I was going to just end this right there, but you know what, I think I am just going to go all out and throw all of the shit I think about blogging out there. Why not right. It's the end and all. Of course, I'll throw in a little disclaimer since I only know Myself and my own experience and understand that it is likely wildly different from anyone else's and I would never want to pretend that I know someone else's story anyway, SO this is a summary of my blogging experience:

Ahem: When I started blogging I was a very insecure girl. I had just broken up with a girlfriend that basically told me I was a terrible person (who I disagreed with at the time but still felt like shit about) and didn't really have any other friends. I live in a small town and had a huge gate around my heart for various reasons and thought that a good way to fill my time and make money would be to blog, sell vintage and try to make friends on the internet. I was nervous about clothes. I liked strange things and felt like a weirdo when I wore what I liked in real life. When I posted pictures of myself on the internet at places like chictopia and Weardrobe, people seemed very supportive and made me feel less strange. eventually I got some followers on my blog. I could not believe that ANYONE was interested in my shit let alone people in New York or HOLY SHIT!! AUSTRALIA, CANADA, GREAT BRITAIN!! WHOA! I checked my analytics program daily and freaked and gasped at every new reader in every new country.

By January 2010 I was being offered free stuff from people and companies!! People were being so nice to me! I was commenting back on just about every comment I got, following back, favoriting back and blogging daily to keep up momentum (on the blog, Chictopia and Weardrobe). I was staying up till past midnight and up at 5:00 am reading blogs to keep up and return the niceness. I couldn't believe that so many people liked me. I had never been popular AT ALL. I was in fact covered with acne, mousy and a bit plumper and totally uncomfortable my whole life until about the middle of 2009 when I was finally treated for Hypothyroidism and magically thinned out, cleared up and came into my own. All of this attention was unbelievable and completely addictive. At 30 years old, a mother and a wife, living in a little western Nevada town, I was being called chic by awesome people all over the world. I started paying close attention the the numbers. My ego started to get stronger for the first time. My mood started to be affected by how many comments I got on a given post. If I got less one day or fewer votes on an outfit on chictopia I analyzed everything and tried to see what I had done wrong. My findings : shorter skirts, pretty hair, hats, higher shoes, over the knee socks and cool prints got better ratings. Also awesome makeup and a great sense of humor helped. I began to cater to blogworld. I lost myself for a little while.
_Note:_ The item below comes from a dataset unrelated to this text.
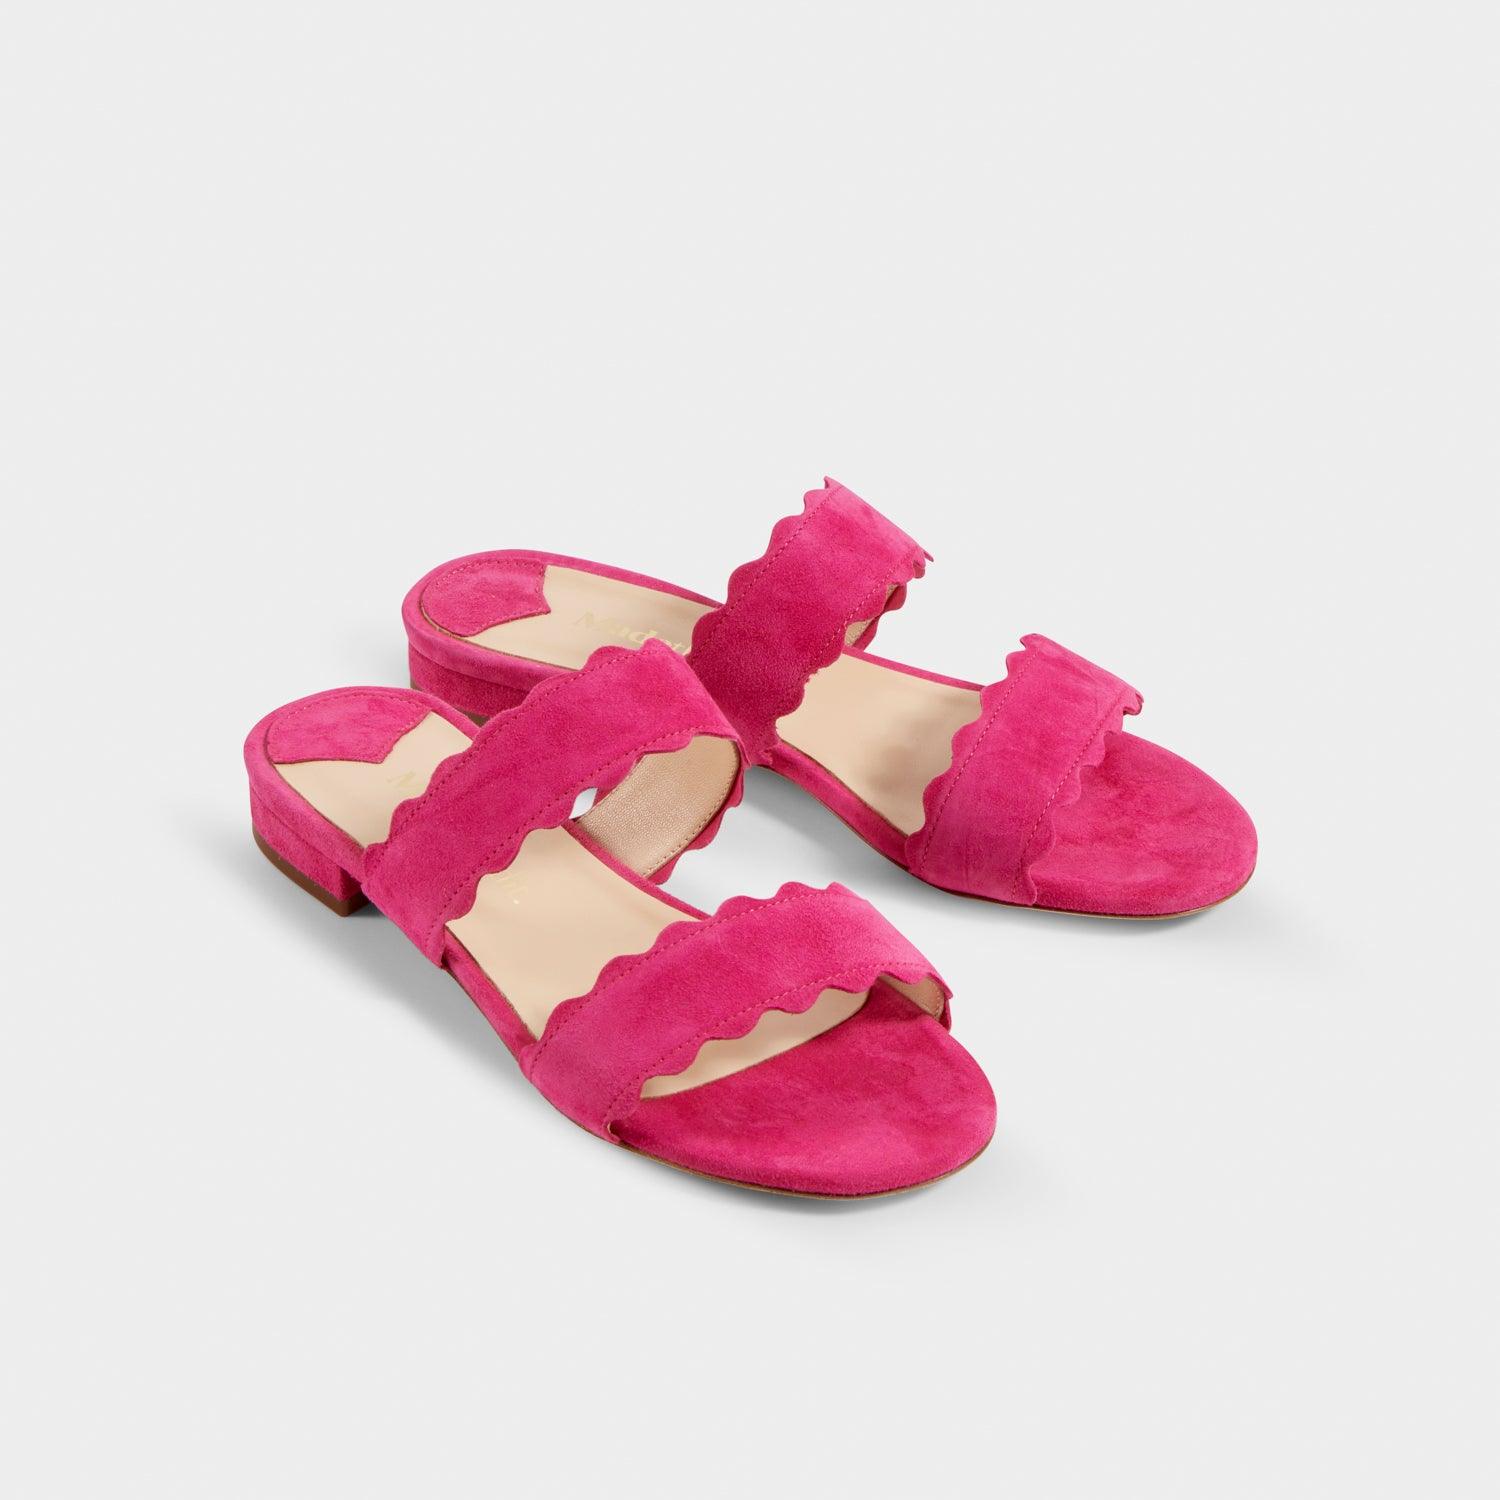 Naomi Pink Suede Scallop Sandal - MADE THE EDIT

Then I started getting sick. I was losing sleep thinking about my blog, my outfits, people I had failed to comment back to, my reputation. I was totally self obsessed. A rift began to grow between my family and me. I am not sure when all of this was taking place. I want to say December - like May or June of last year. I tried to scale back.  I felt like a bitch for getting attention but not returning it. The summer brought some pretty major personal problems for me. I was dealing with some heavy things family wise, that put all of the blogging into perspective. I started focusing less on commenting and stopped checking my numbers so much. I stopped reading other blogs except for the ones that were linked to people I actually knew or felt a kinship with. I began to REALLY enjoy blogging in a whole new way. I had less pressure I was putting on myself. I stopped associating my self worth with the attention I was receiving. (Please note, when I began blogging, my personal self worth resembled a ritz cracker. Blogging and attention inflated that cracker to Guinness Book of World Record proportions. It felt great, at first, but I saw the danger in letting my self worth be related to a freaking computer, and clothes, and words.)  I finally began to allow some separation and feeling my worth away from all the blog stuff. I knew the blog couldn't have any power over the way I thought about myself because if it could make me feel good it could also make me feel bad.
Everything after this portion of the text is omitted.